BRIEF: Can you copy out the data exactly? Leave the images out.

**** INPUT DATA ****

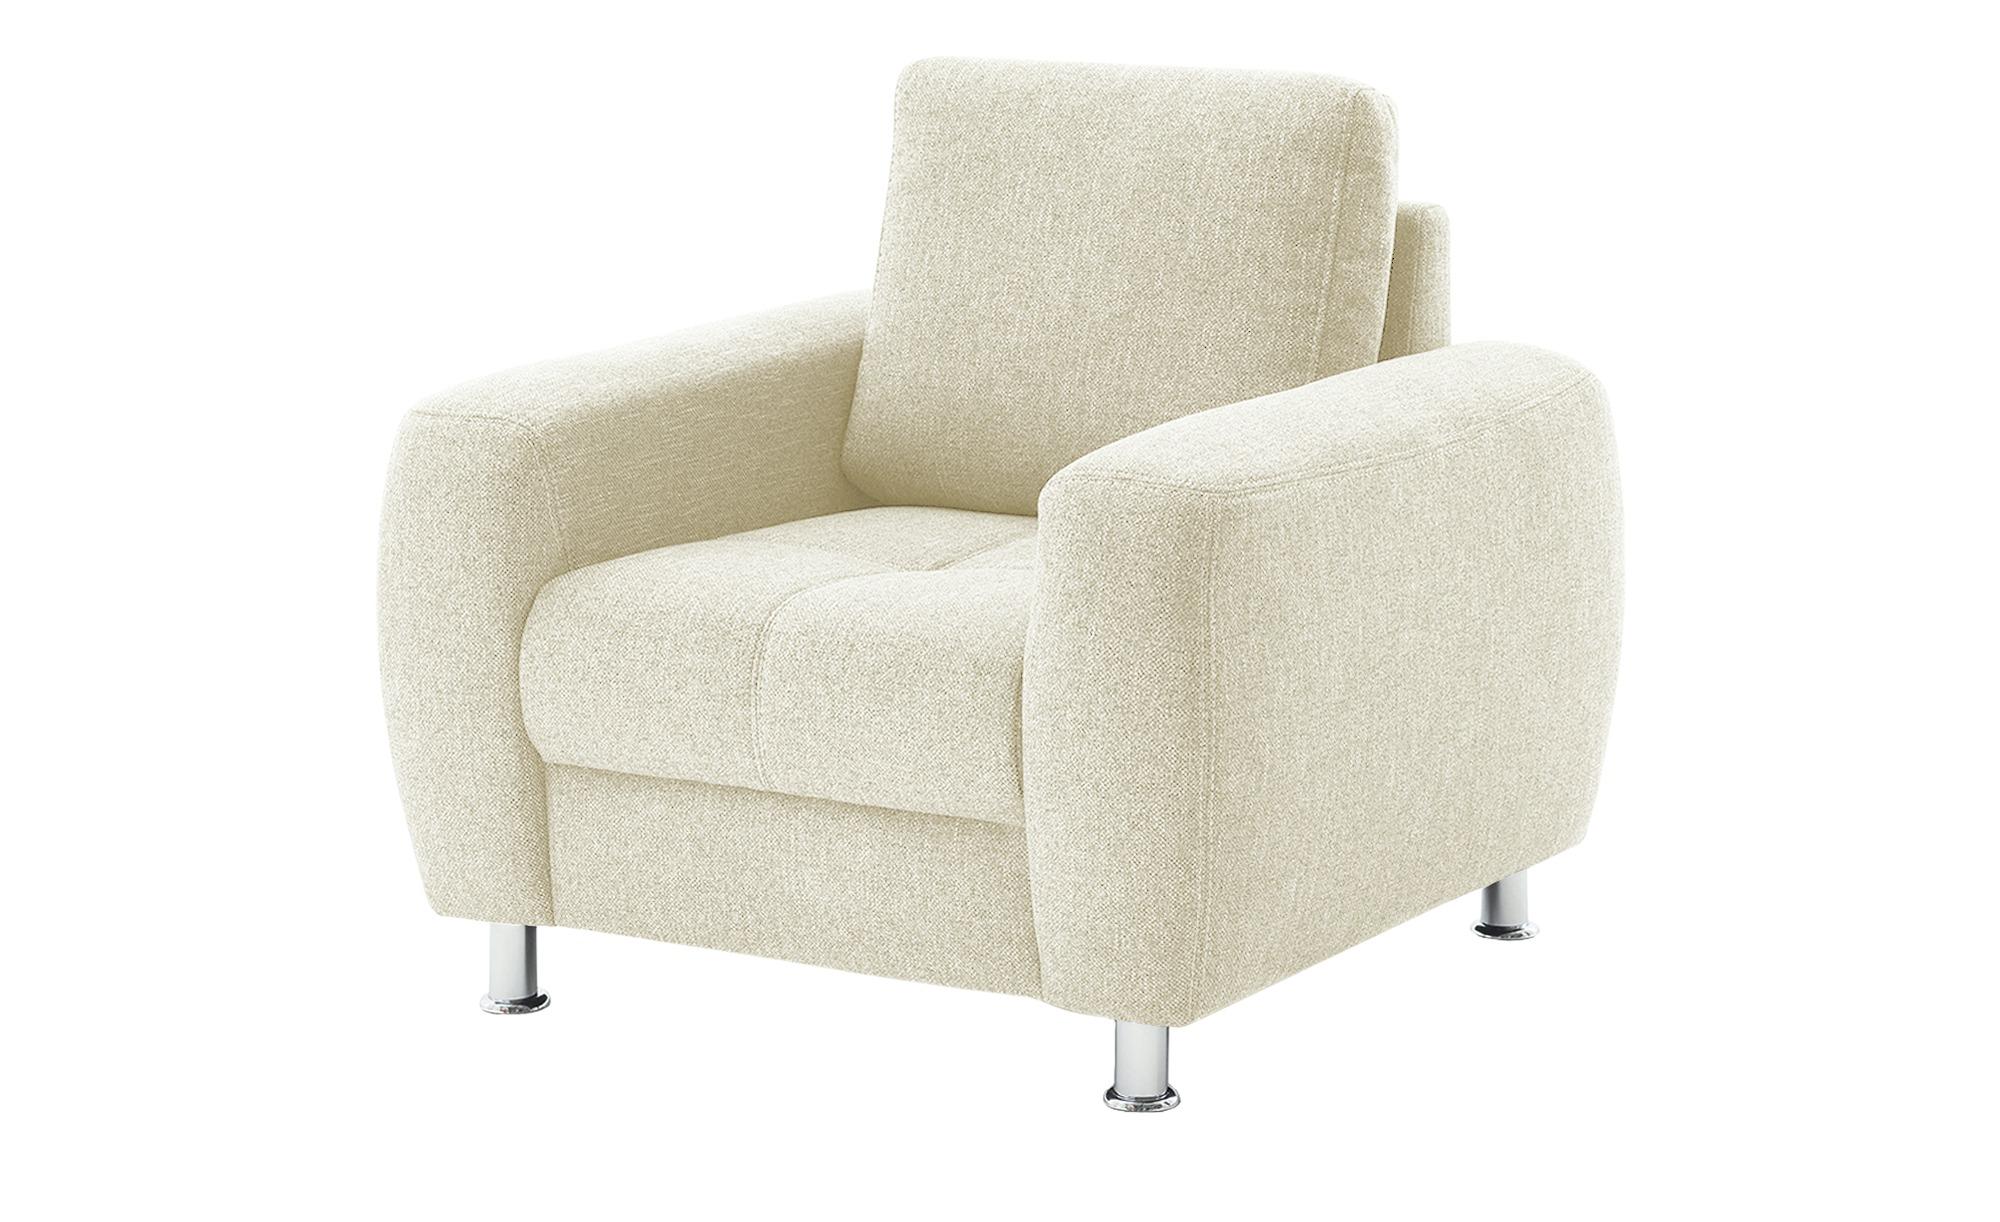 bobb Sessel  Giulia ¦ creme ¦ Maße (cm): B: 97 H: 92 T: 95 Polstermöbel > Sessel > Polstersessel - Höffner
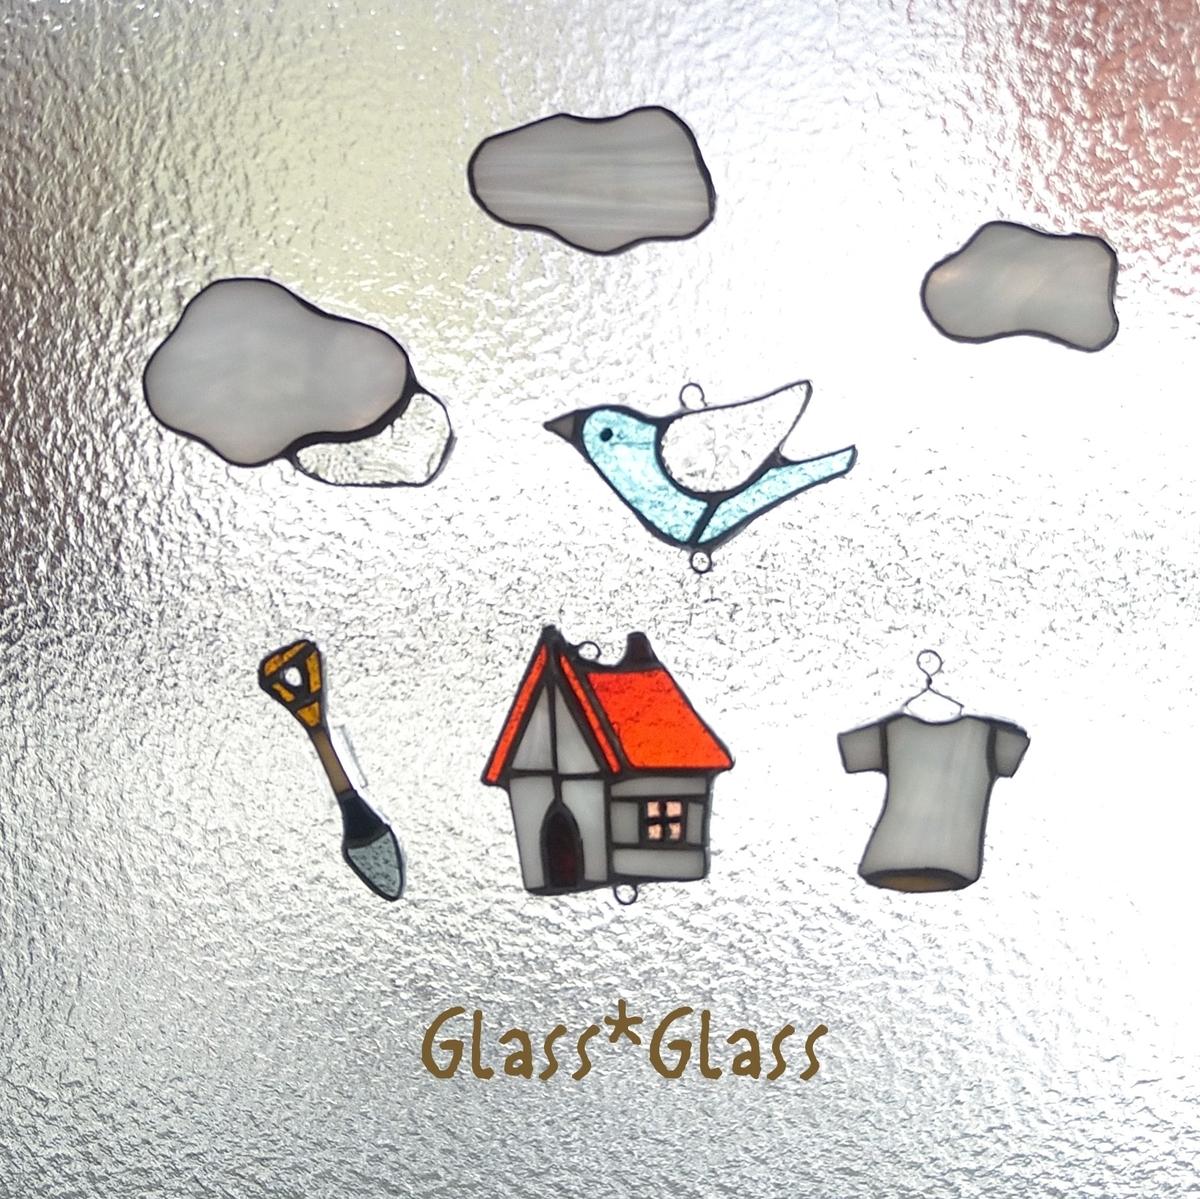 f:id:glassglassmegu:20210520154604j:plain
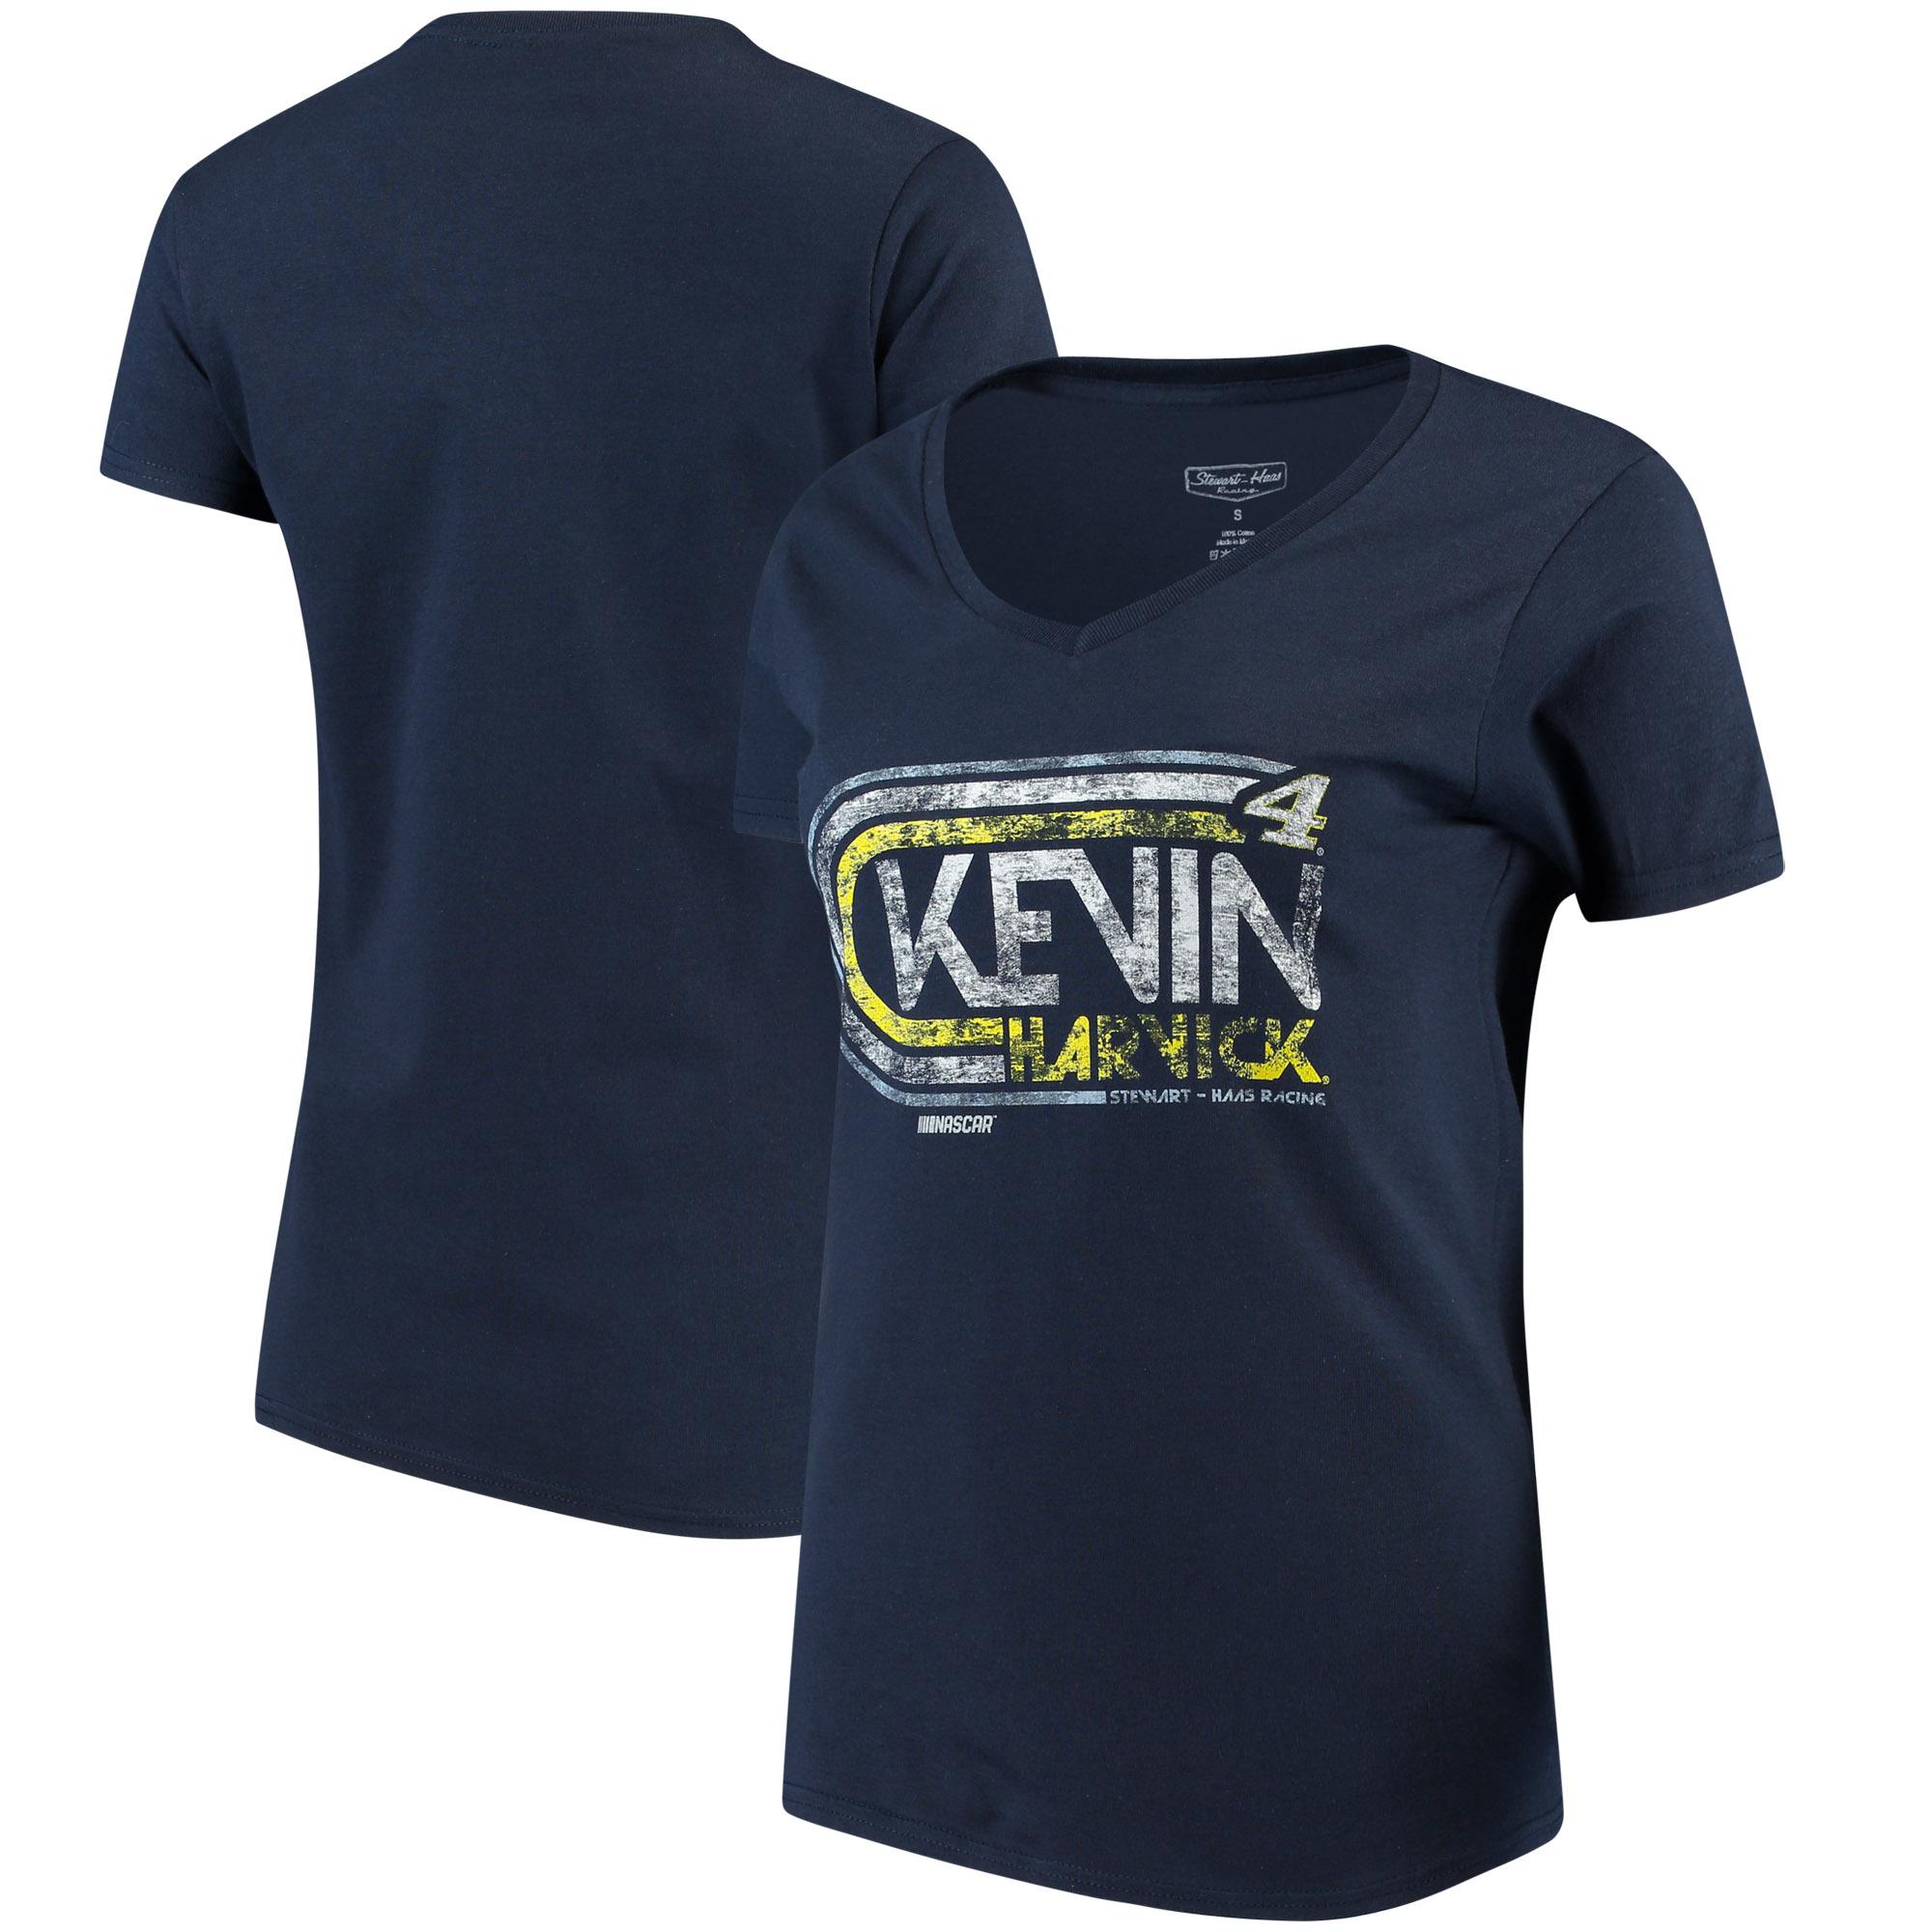 Kevin Harvick Checkered Flag Women's Retro V-Neck T-Shirt - Navy

****

ANSWER FOR THIS EXERCISE:
 bobb Sessel  Giulia ¦ creme ¦ Maße (cm): B: 97 H: 92 T: 95 Polstermöbel > Sessel > Polstersessel - Höffner
 f:id:glassglassmegu:20210520154604j:plain
 Kevin Harvick Checkered Flag Women's Retro V-Neck T-Shirt - Navy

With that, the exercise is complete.